I wonder what the pricing will be? It's a start though for A123 to finally offer these cells to the DIY market.


----------



## rwaudio (May 22, 2008)

wakinyantanka said:


> I wonder what the pricing will be? It's a start though for A123 to finally offer these cells to the DIY market.


I filled out the contact form and asked for pricing. It does mention on the site that it is for 2 wheeled motor sports so who knows.


----------



## JRP3 (Mar 7, 2008)

Just tell them you're building a really big bike, or two of them.


----------



## DIYguy (Sep 18, 2008)

rwaudio said:


> It does mention on the site that it is for 2 wheeled motor sports so who knows.


???
Quote from add... "Mavizen isn't limiting sales to bike builders though.
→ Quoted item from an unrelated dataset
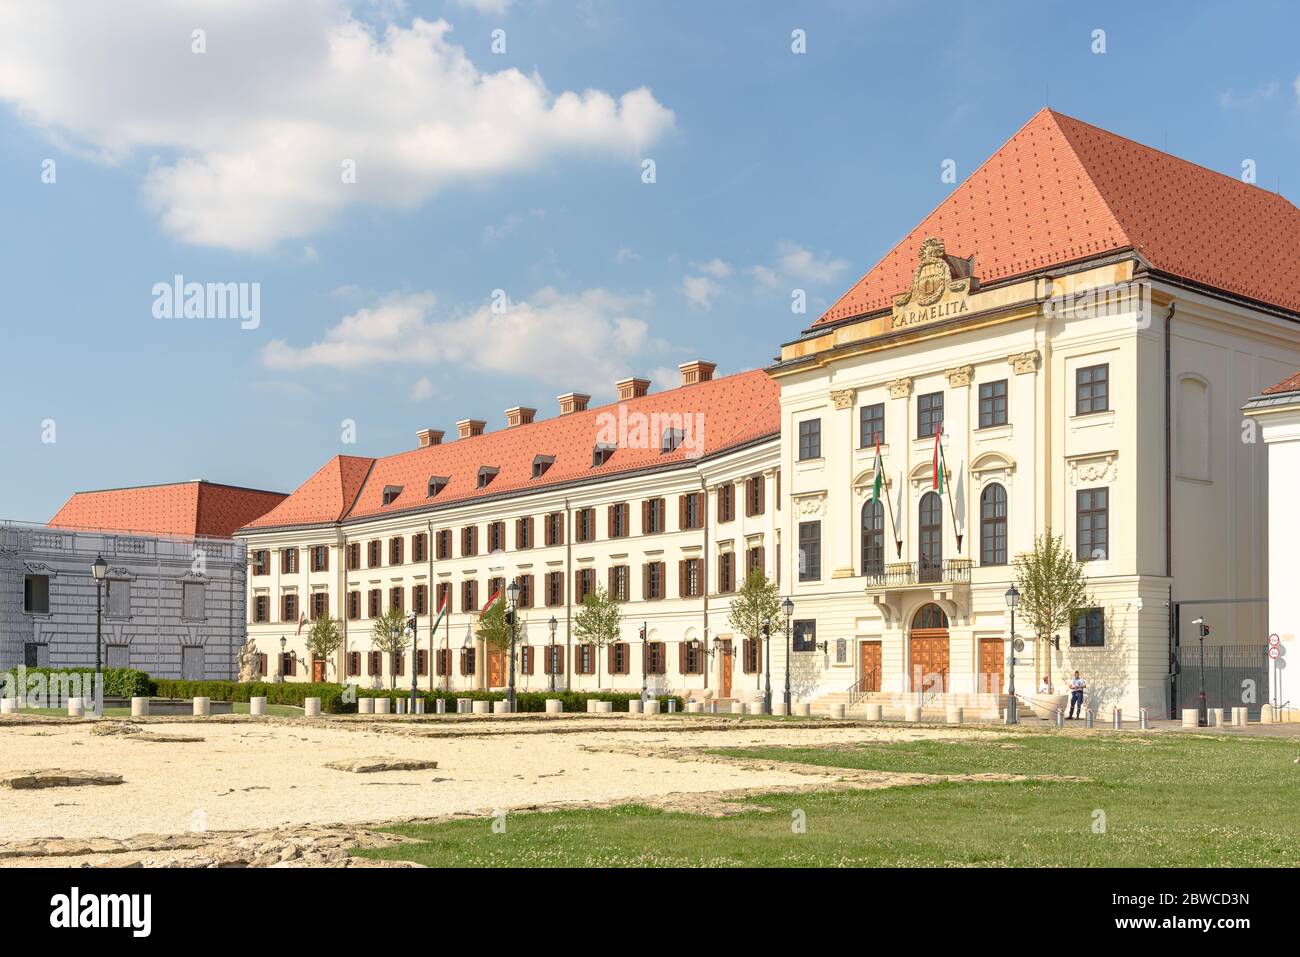 Das Karmelitenkloster im Burgviertel Buda, in dem heute das Büro des ungarischen Ministerpräsidenten untergebracht ist Stockfoto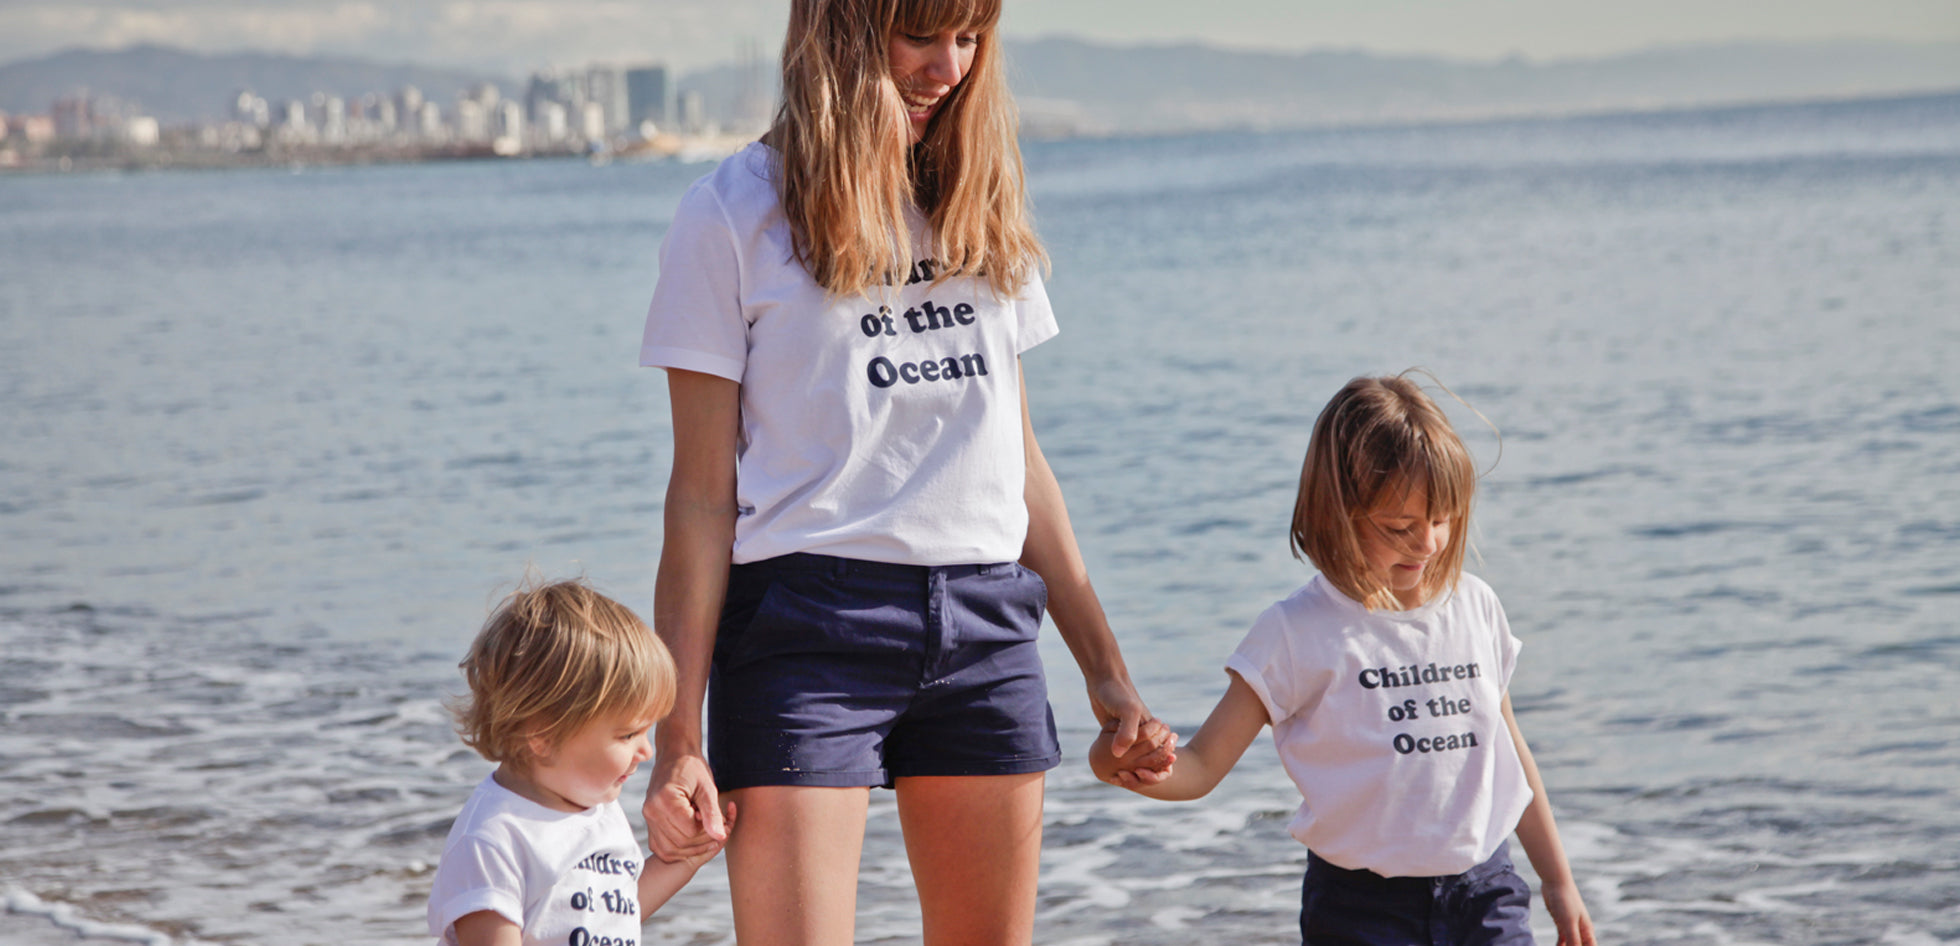 Children of the Ocean

They're about to ship 1,000 cells that we're told are for a non-motorcycle application with more in the works."


----------



## rwaudio (May 22, 2008)

DIYguy said:


> ???
> Quote from add... "Mavizen isn't limiting sales to bike builders though. They're about to ship 1,000 cells that we're told are for a non-motorcycle application with more in the works."


haha, I went straight to their site looking for more info. On there they have a section that mentions 2 wheeled motorsports only. Hopefully their prices are fair and don't restrict use to race teams.


----------



## CroDriver (Jan 8, 2009)

DIYguy said:


> ???
> Quote from add... "Mavizen isn't limiting sales to bike builders though. They're about to *ship 1,000 cells *that we're told are for a non-motorcycle application with more in the works."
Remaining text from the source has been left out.